Do they actually know how the technology works? They will have to scan everything inbound and outbound connections, basically managed devices.
Apple and Google have been given a three-month ultimatum to make it impossible for children to take, share or view nude images on their smartphones, British Prime Minister Keir Starmer said on Monday.



The issue is that unfiltered access to the internet is dangerous to kids - and at a certain age, kids do want to discover that side without any parental interference.
Limiting what they can access is not an unhealthy approach. It’s protective, especially nowadays when certain companies (looking at you, Roblox and Meta) will shelter paedos because it’s a financially viable thing to do, repercussions and hurt children be damned.
And there HAS to be a balance between adults having unfettered access to the entirety of the internet, without having to take a selfie every time they want to have a wank or approach any remotely adult topic. It literally takes a single penstroke from the government to categorise a mundane topic “adult” and start listing people - because ID-ing yourself in a “trust us, your data is safe” (except ignore all the data breaches that have already happened!) environment will TOTALLY not lead to issues. I mean what could go wrong when you start collecting the IDs of trans kids reaching out for help because of abuse, gay/bi/lesbian/etc. kids similarly seeking help, suicidal people seeking help, and the list goes on? What problem could there be from that data leaking, right?

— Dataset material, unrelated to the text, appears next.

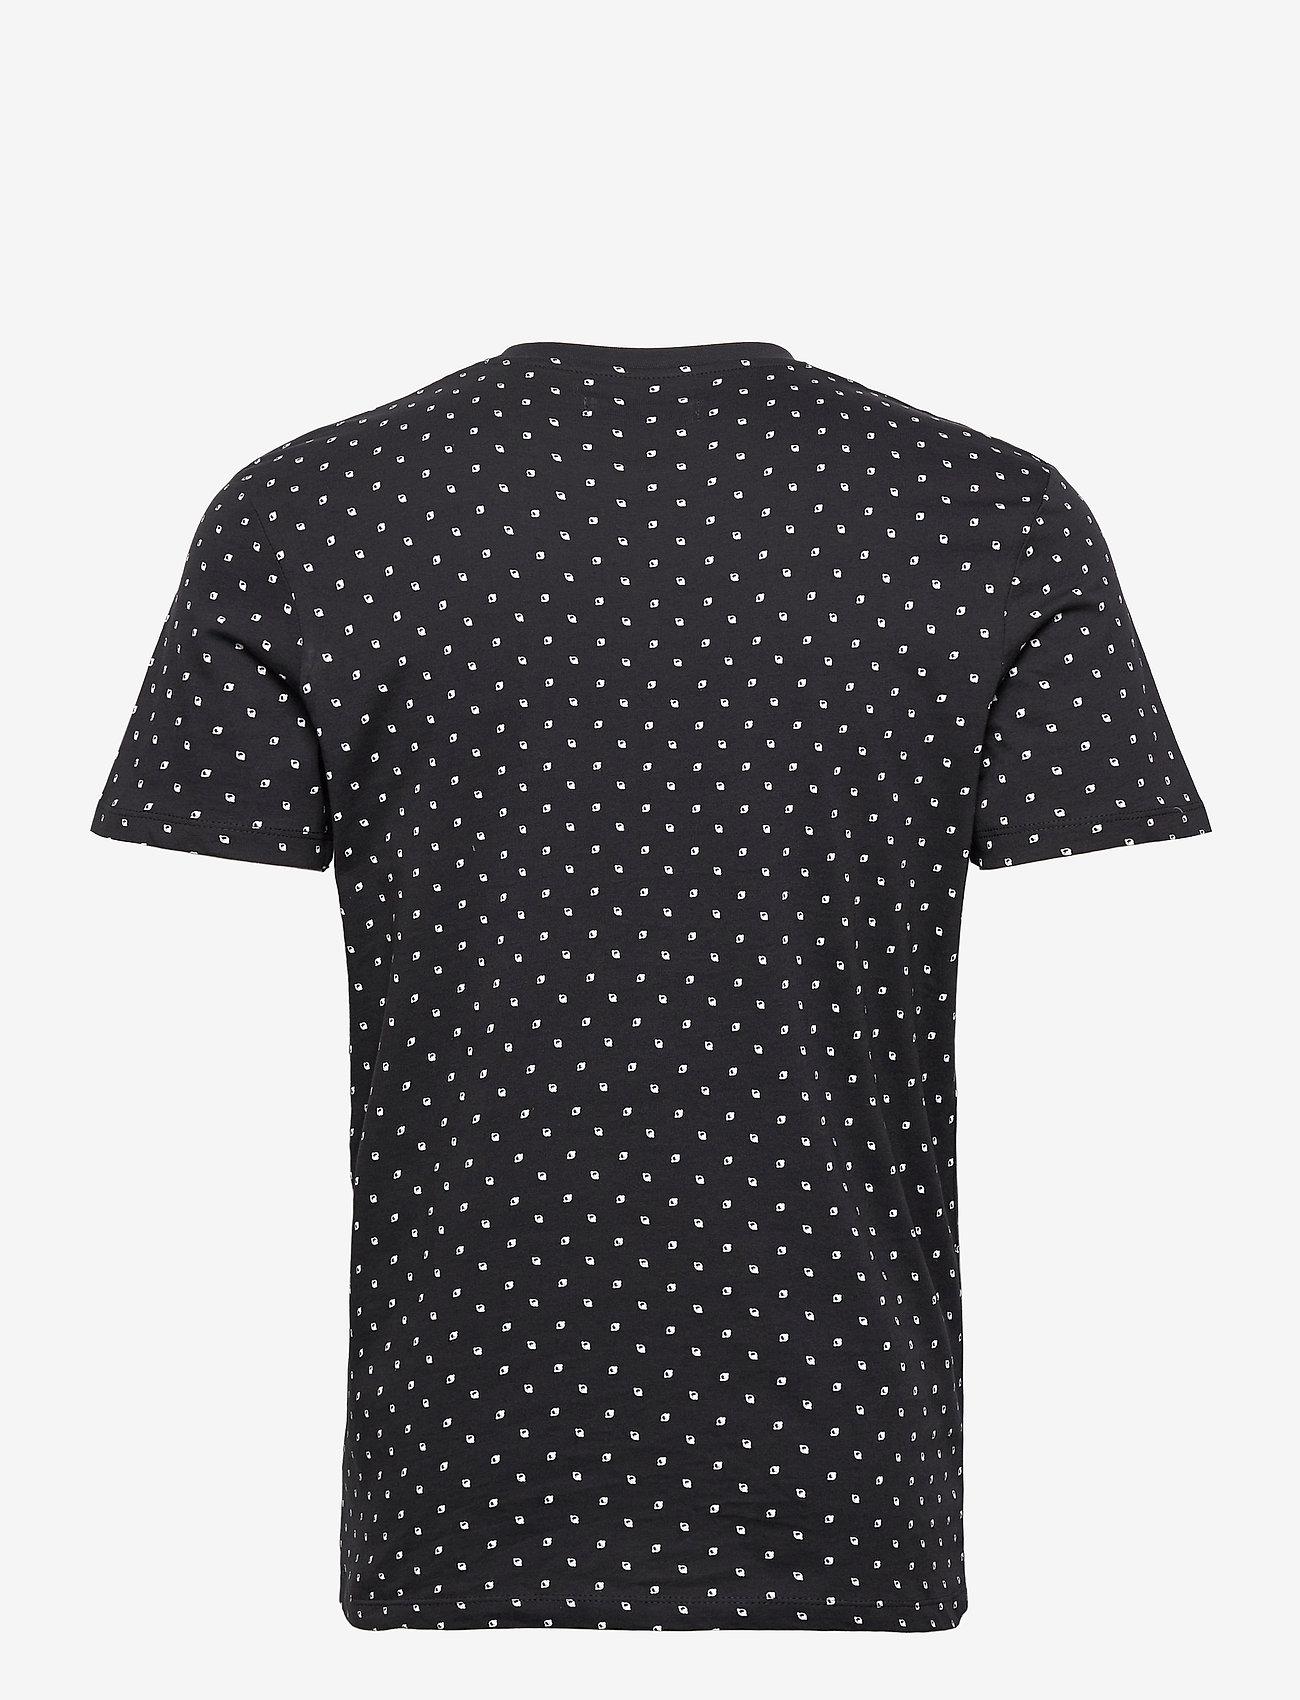 Jack & Jones - JJMINIMAL AOP TEE SS CREW NECK - kortärmade t-shirts - dark navy - 1

This bullshit WILL get reversed the moment a prominent politician’s weird porn browsing habits leak, and I do hope that happens sooner than later. But even when that happens, we need a SANE option to protect children - and that’s by giving the tools to parents, parents whom are mostly overloaded with work, and can’t afford to spend hours a day not interacting with their children but reviewing what they do on the internet.
Yes, being a better parent to your child IS part of that, but so is setting up virtual boundaries.
You say things I agree with, and things I don’t.
I struggle to see the benefit in virtual boundaries, and think it’s better to foster a healthy trusting relationship with one’s child. They’ll encounter bad situations at some point sooner or later, and at that point having shielded them from it in lieu of giving them the tools to deal with it, will have been harmful rather than helpful.
Further, this kind of informational censoring can be used to actively harm people as well. I’ve met many people whose lifelines are their virtual connections to their communities, and had their parents been at all technically inclined these people likely wouldn’t be alive today.
Children won’t spontaneously combust if they encounter pornography. My first exposure happened at around six or seven, same time half of my classmates. Someone found a pornographic card deck in the bushes during recess.